Tunic: A Game You Should Play

Hmmm… I wonder what character this fox could be making an homage to

I’ll start by stating that I’m unsure of the specific reason that my pictures I uploaded from my OneDrive account are no longer appearing in the previous blog post on Dark Souls 2, but I’m sure that the answer to my question can be derived from this current sentence, and probably has to deal with the phrase “…uploaded from my OneDrive account…”. To the thirty of you that viewed that article, and the (perhaps) three of you (I’m being generous, I know) that read enough of it to see the images I uploaded, I thank you for being a part of this grave experiment in which I type into the void that contains my personal platform that I have to justify as an outlet for my transgressions that occasionally receives views as a result of me sharing my blog posts with the appropriate subreddit. We are all truly a part of life’s rich pageant. Editor’s Note: I fixed the article by downloading the images from OneDrive to my phone and then uploading them back to the article from my phone’s image library. Hooray!

Anyways, Tunic! No longer just an outdated part of a burgeoning adventurer’s wardrobe, but a successful example of the hard work of a solo developer! A solo developer that was probably handed quite the wad of cash and awarded plenty of patience from Finji and Microsoft, as this game has been in the works and previewed at various gaming festivals for quite awhile. Tunic has been out for a month after being released during the second wave of Gamepass titles for March. It currently has an 86 on Metacritic, and received mild praise from Yahtzee Croshaw, which is of the most personal importance to me, a humble YouTube subscriber of TheEscapist’s YouTube channel. I pay two real American dollars per month for early access to TheEscapist’s YouTube content! Wow, what a deal! Everyone should subscribe to this YouTube channel! Everyone! Everywhere! What are you waiting for! Subscribe! Do it now!

So, what do I personally think of Tunic? Well… I think the first hour or so is great! Tunic is incredibly charming, elegant, thoughtful, pretty, and fun. Am a describing a video game, or your nearest blind date at the local tiki bar? Both! You play as an adorable little fox that wakes up on the beach, and as if you have amnesia that your character isn’t particularly worried about or aware of, you need to piece together exactly where you need to go and what you need to do in order to advance through the world and rescue your fox friend/girlfriend/queen/princess/family member from the colorful prism she is imprisoned in. The game plays a similar trick on the player to that of Hyper Light Drifter, in which there is no legibly written sign-posting or item descriptions in the entire game (except for minor exceptions in the in-game manual, which are fine concessions made by the developer, though not entirely necessary in my opinion). You pick up an item, and in order to know what it does, you have to use it! Brilliant! Your character also has the ability to fast travel and upgrade abilities such as health and stamina at the beginning of the game, but until you find the explanation of how to do so in the in-game manual, you are not aware that this is even a possibility.

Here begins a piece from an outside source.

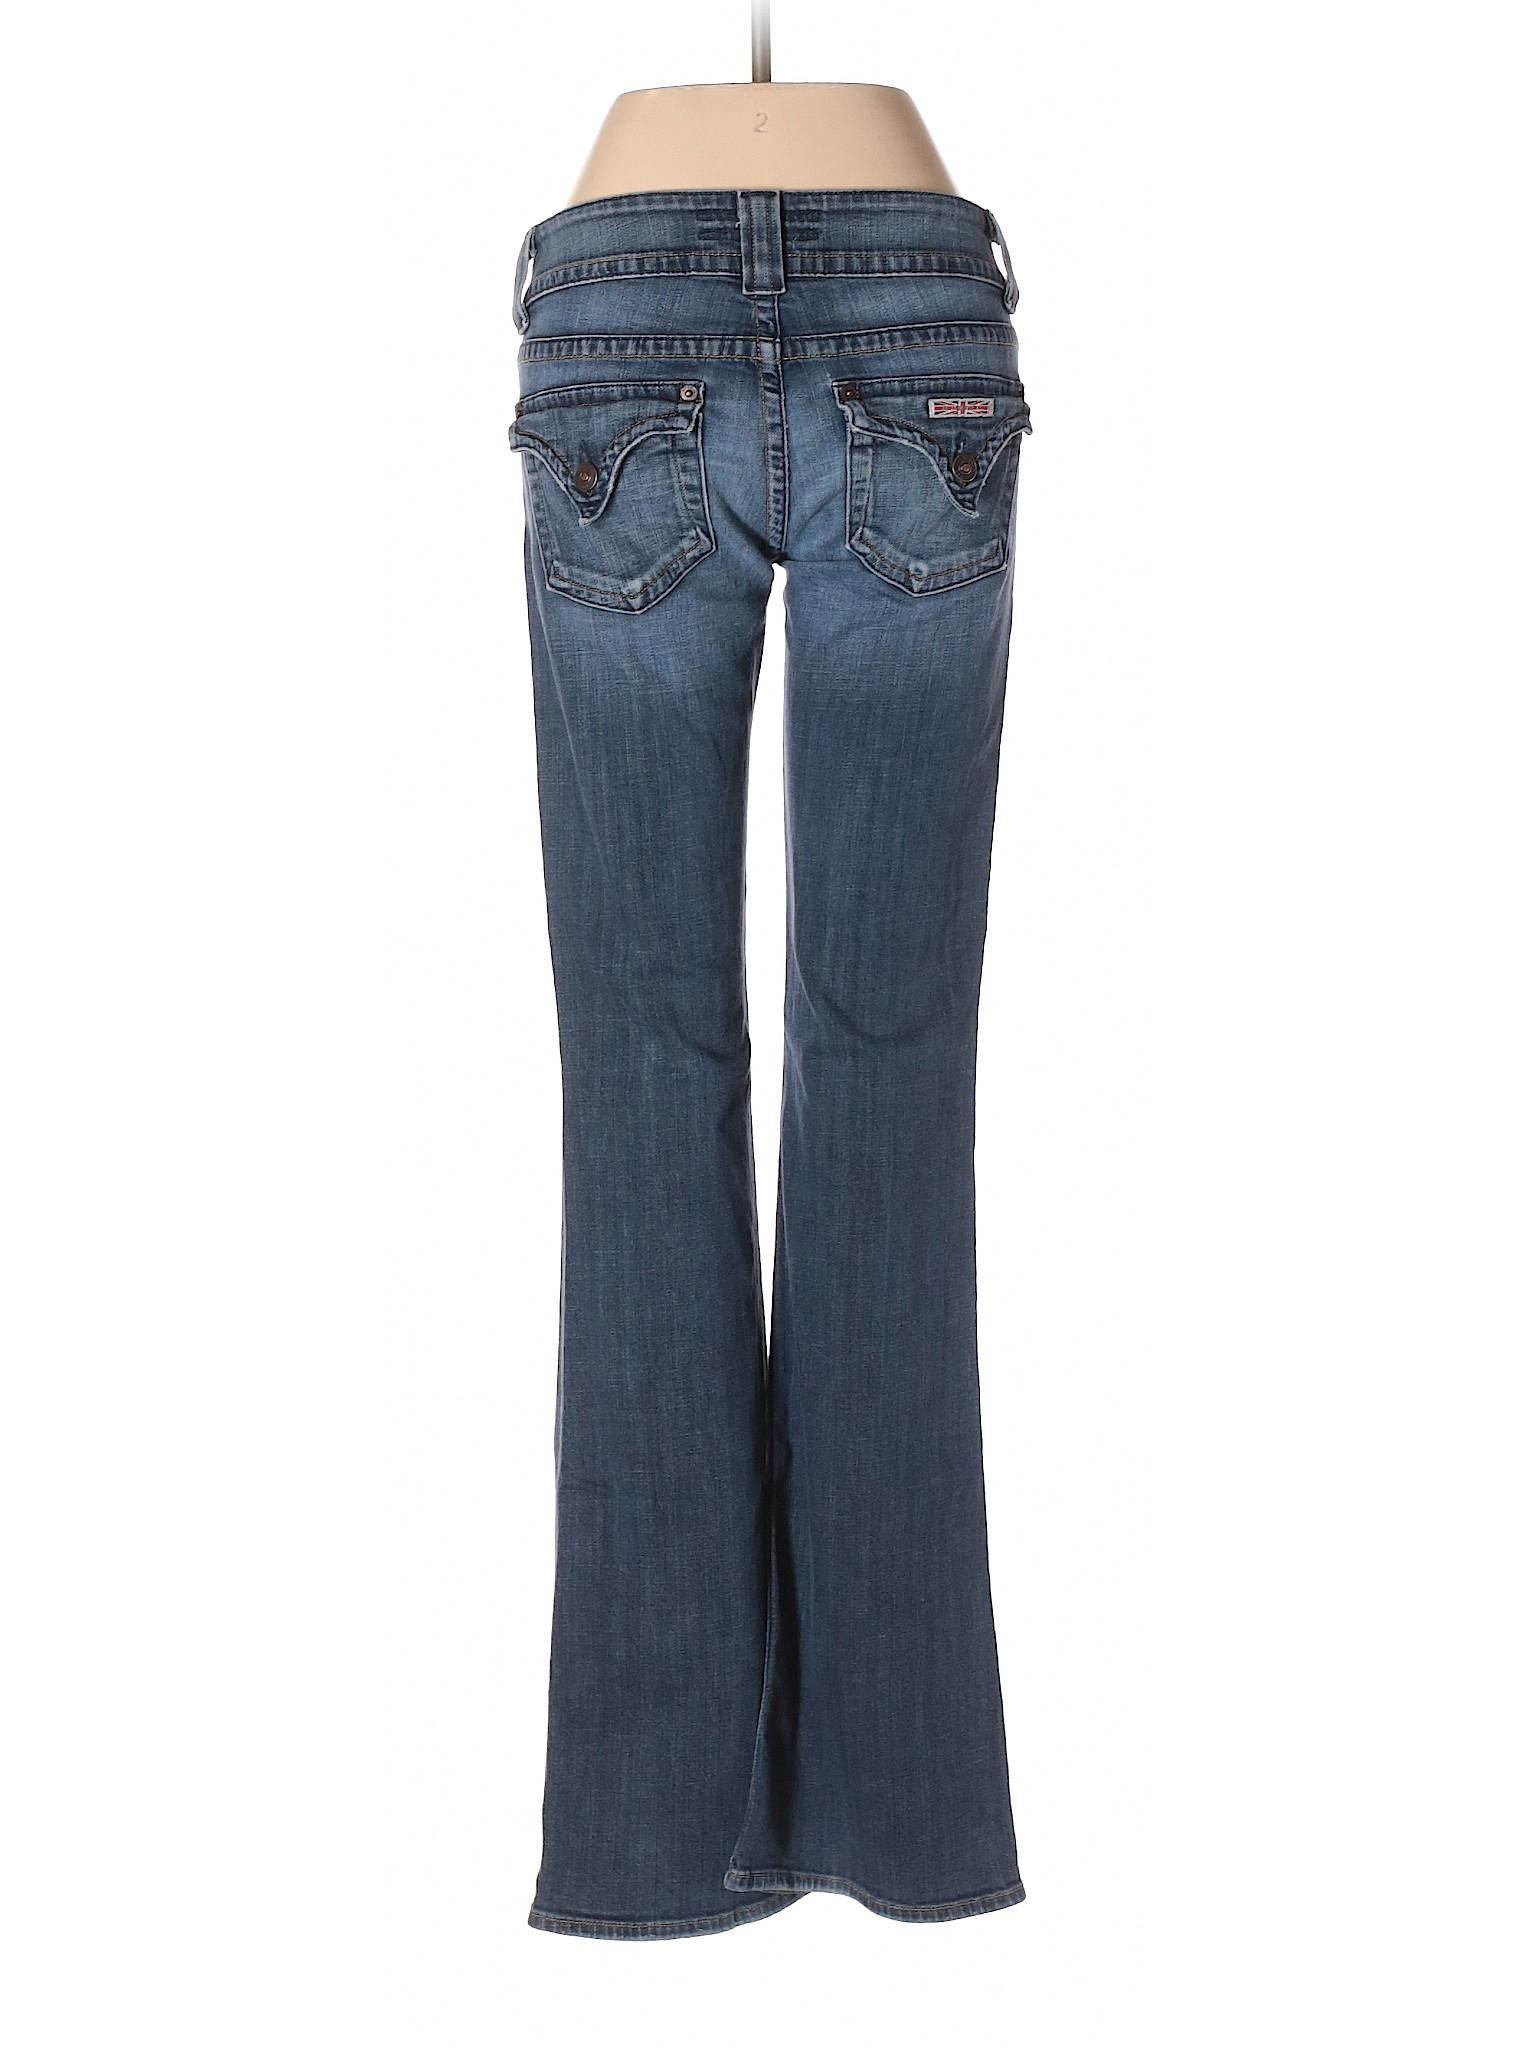 Hudson Promotion Promotion Promotion Promotion Jeans Jeans Hudson Hudson Jeans FPnqgw

Wait, what was that I just mentioned? In-game manual? Okay, here’s an example:

In-game manual!

Throughout your adventure, you collect different pages of a manual that can be viewed at any time. Your collection begins with the tenth page, and you will continue to collect more pages that help you decipher basic and complex things that you can accomplish in Tunic. As stated earlier, there is some legible English on this page, but other than that, you get more of the language that was created specifically for this game, which people are continuing to find ways to decipher. This manual, from the illustrations and information contained within, and the method of collecting and making use of its various maps, is absolutely brilliant, and feels essential to the experience of playing through Tunic.

What’d we cover… Story and world context, in-game manual, exploration… How about gameplay? Well, the gameplay isn’t anything to write home about, but it is entirely functional and fair. You have a sword, shield, throwable items, healing potions/foods, and you receive more trinkets and items along the way that increase your arsenal and stamina/health. The inventory screen is easily accessible and managing the three items you can equip at a time is fine, though it takes a little while to get used to the menu controls (Pressing Left Bumper is the only way to exit the menu, while pressing B changes what is equipped to that slot). There is also a lock-on mechanic that is helpful for dueling opponents one-on-one, but just like in Dark Souls, if you are facing multiple enemies at the same time, it is best to drop the lock-on and move around more freely to deal damage easily to multiple enemies. What else is there to say? If it ain’t broke, don’t fix it.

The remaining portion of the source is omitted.